* [Problem requirements] In the data below, reproduce everything exactly except the images.

* [Recorded information]
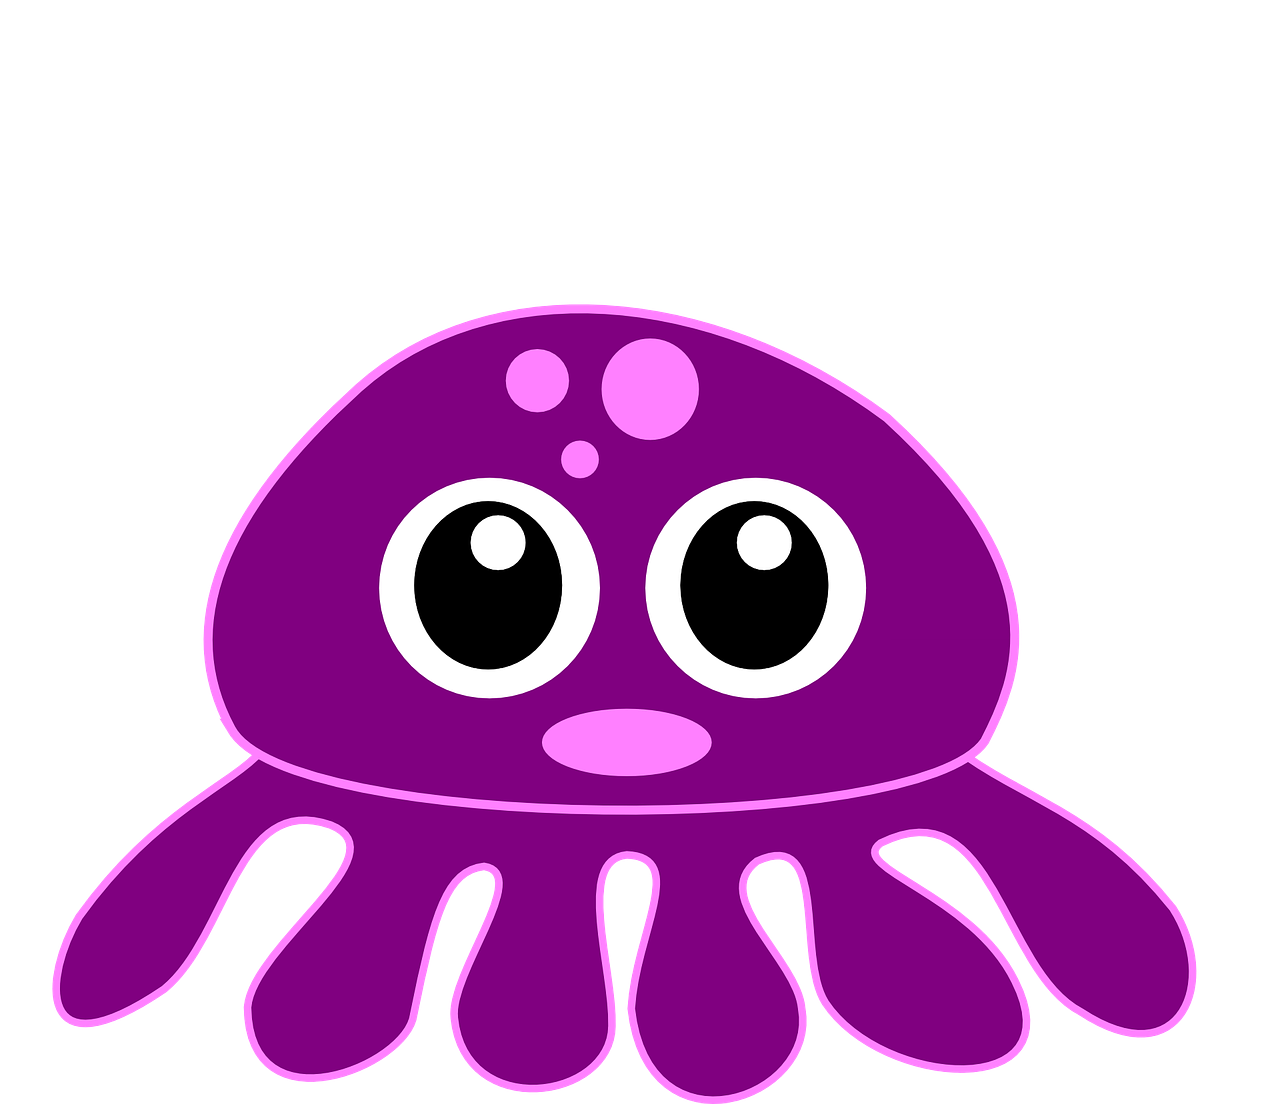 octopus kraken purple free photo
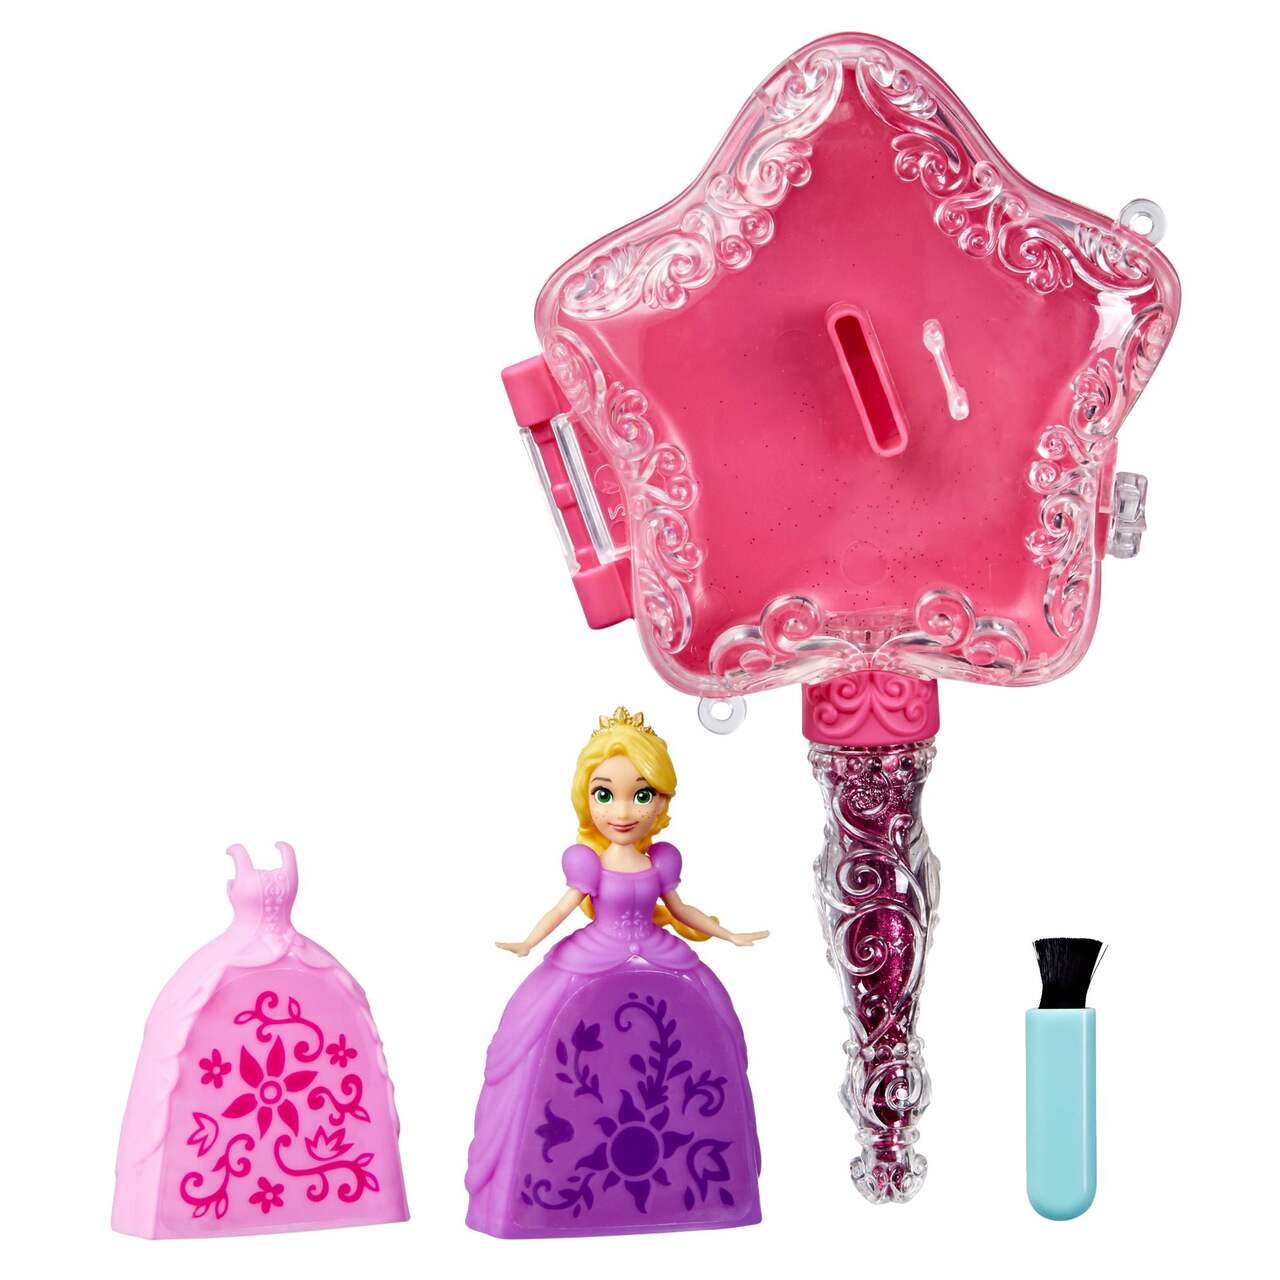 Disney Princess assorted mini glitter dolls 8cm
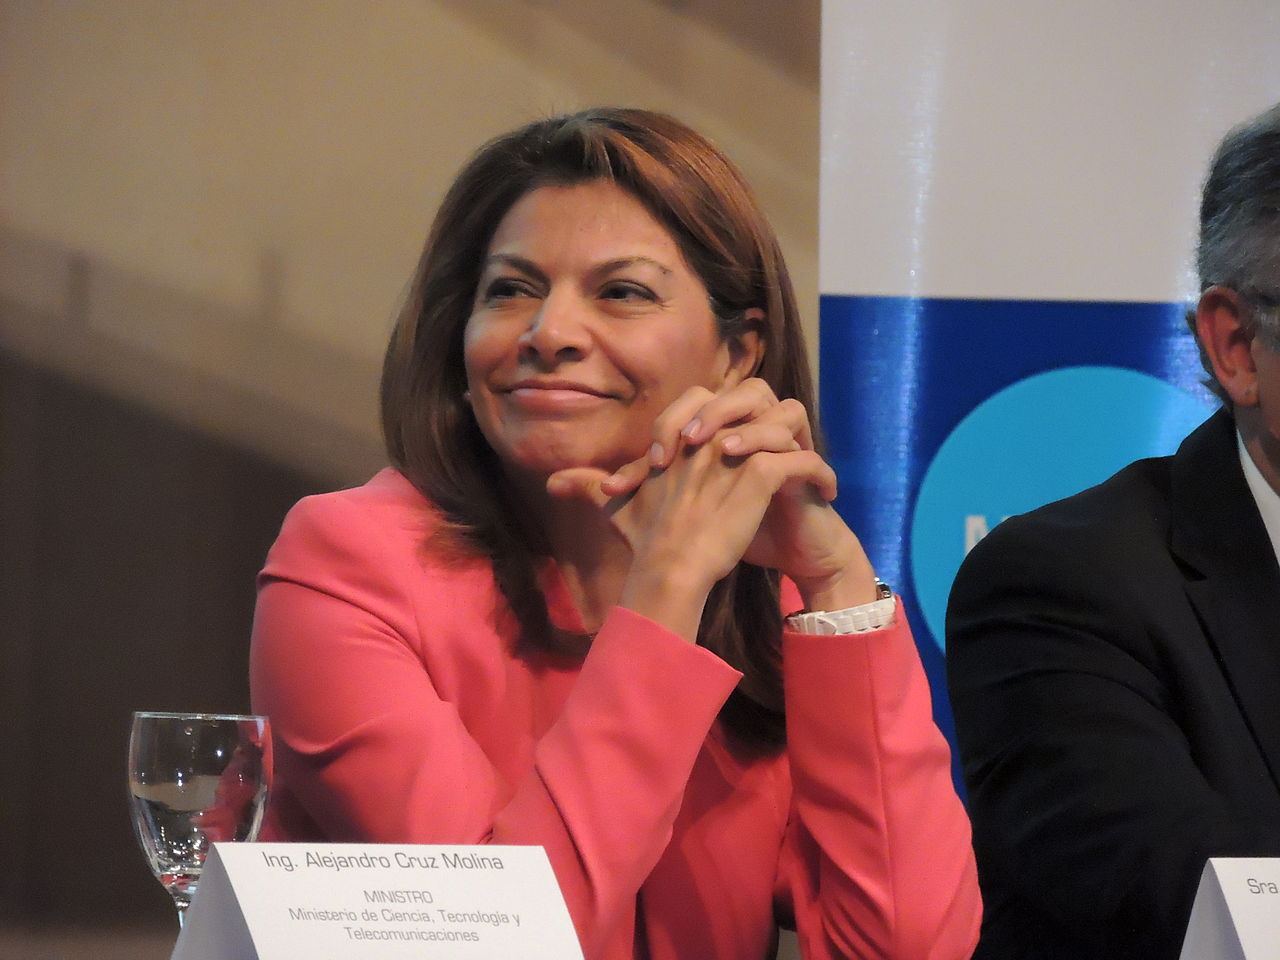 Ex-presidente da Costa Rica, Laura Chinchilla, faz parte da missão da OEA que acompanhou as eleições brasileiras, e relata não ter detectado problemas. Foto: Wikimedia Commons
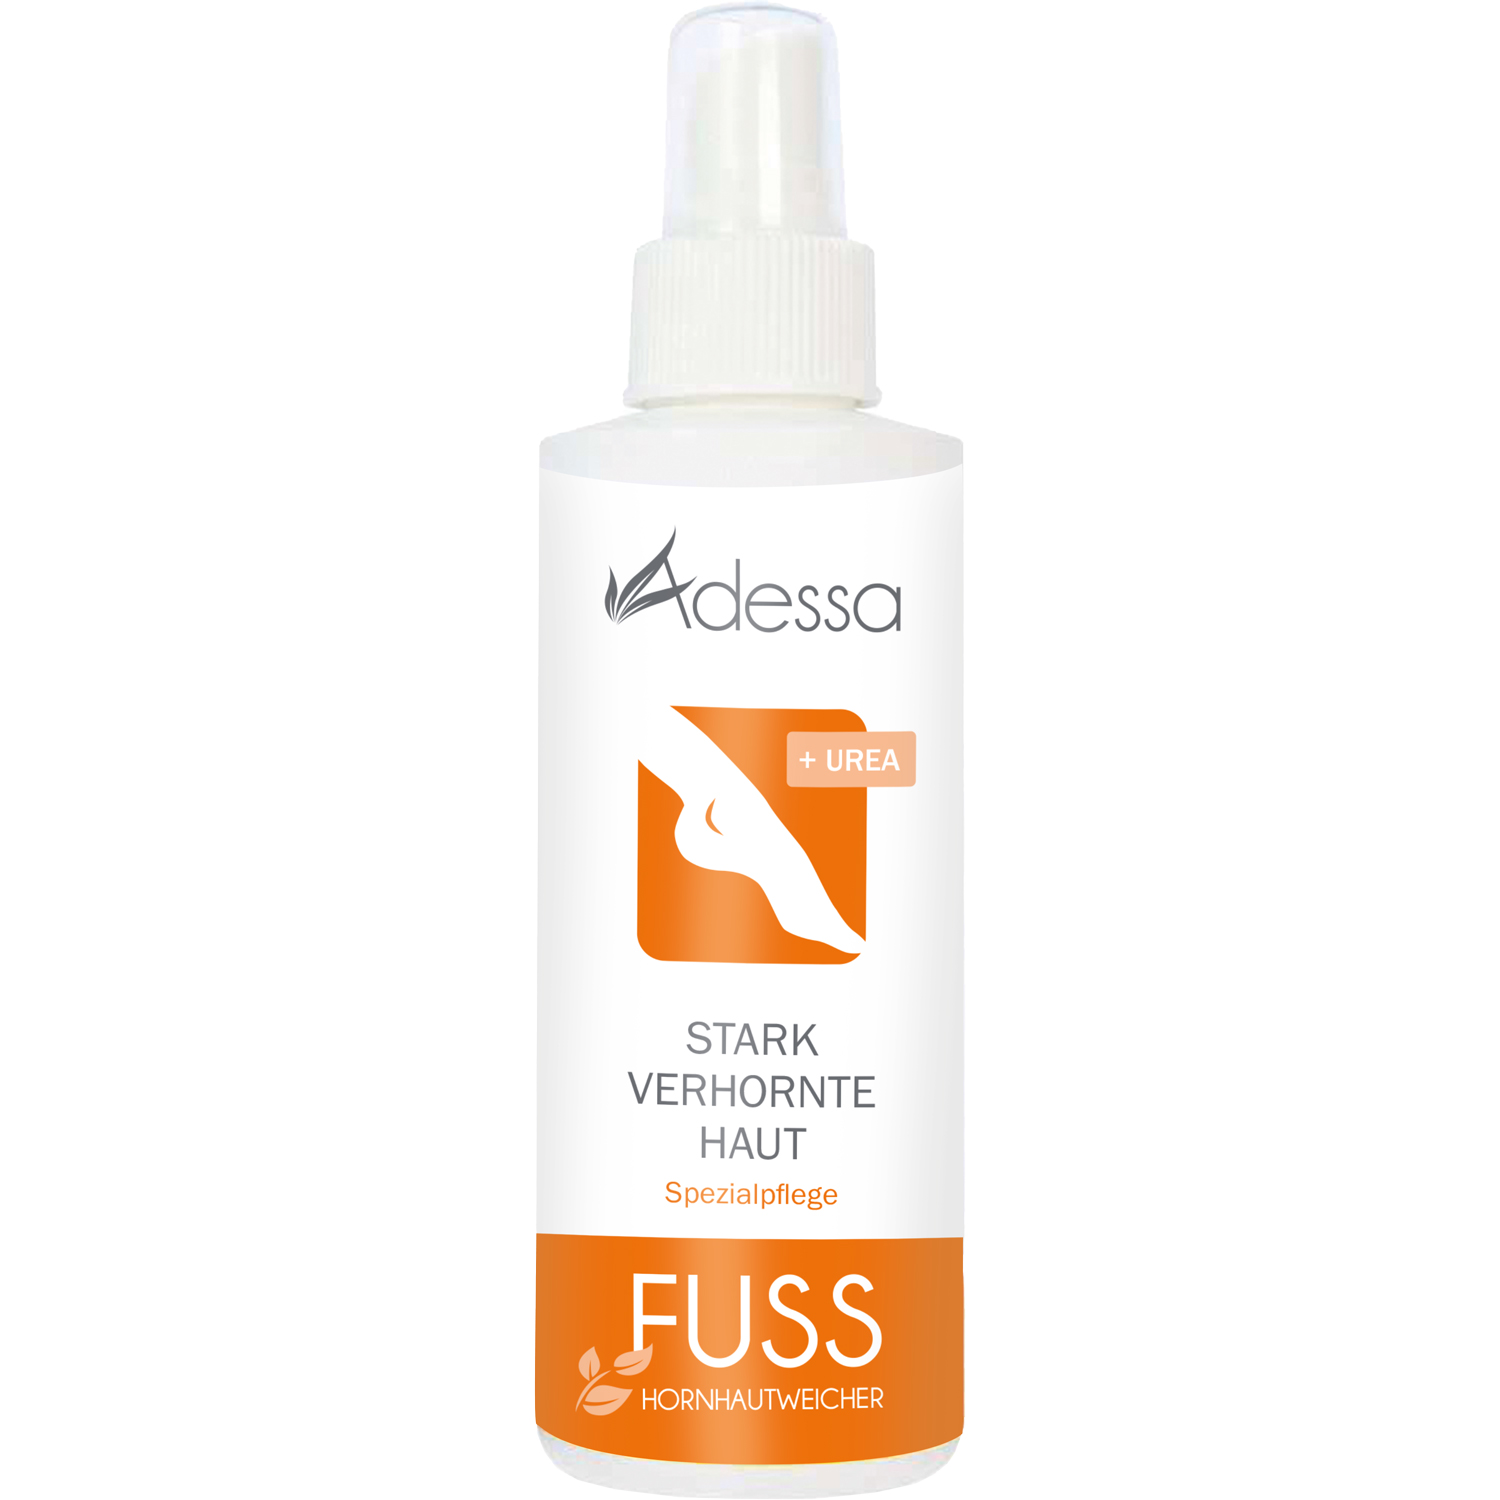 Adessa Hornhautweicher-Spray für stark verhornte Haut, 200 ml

* [Result of the task]
 octopus kraken purple free photo
 Disney Princess assorted mini glitter dolls 8cm
 Ex-presidente da Costa Rica, Laura Chinchilla, faz parte da missão da OEA que acompanhou as eleições brasileiras, e relata não ter detectado problemas. Foto: Wikimedia Commons
 Adessa Hornhautweicher-Spray für stark verhornte Haut, 200 ml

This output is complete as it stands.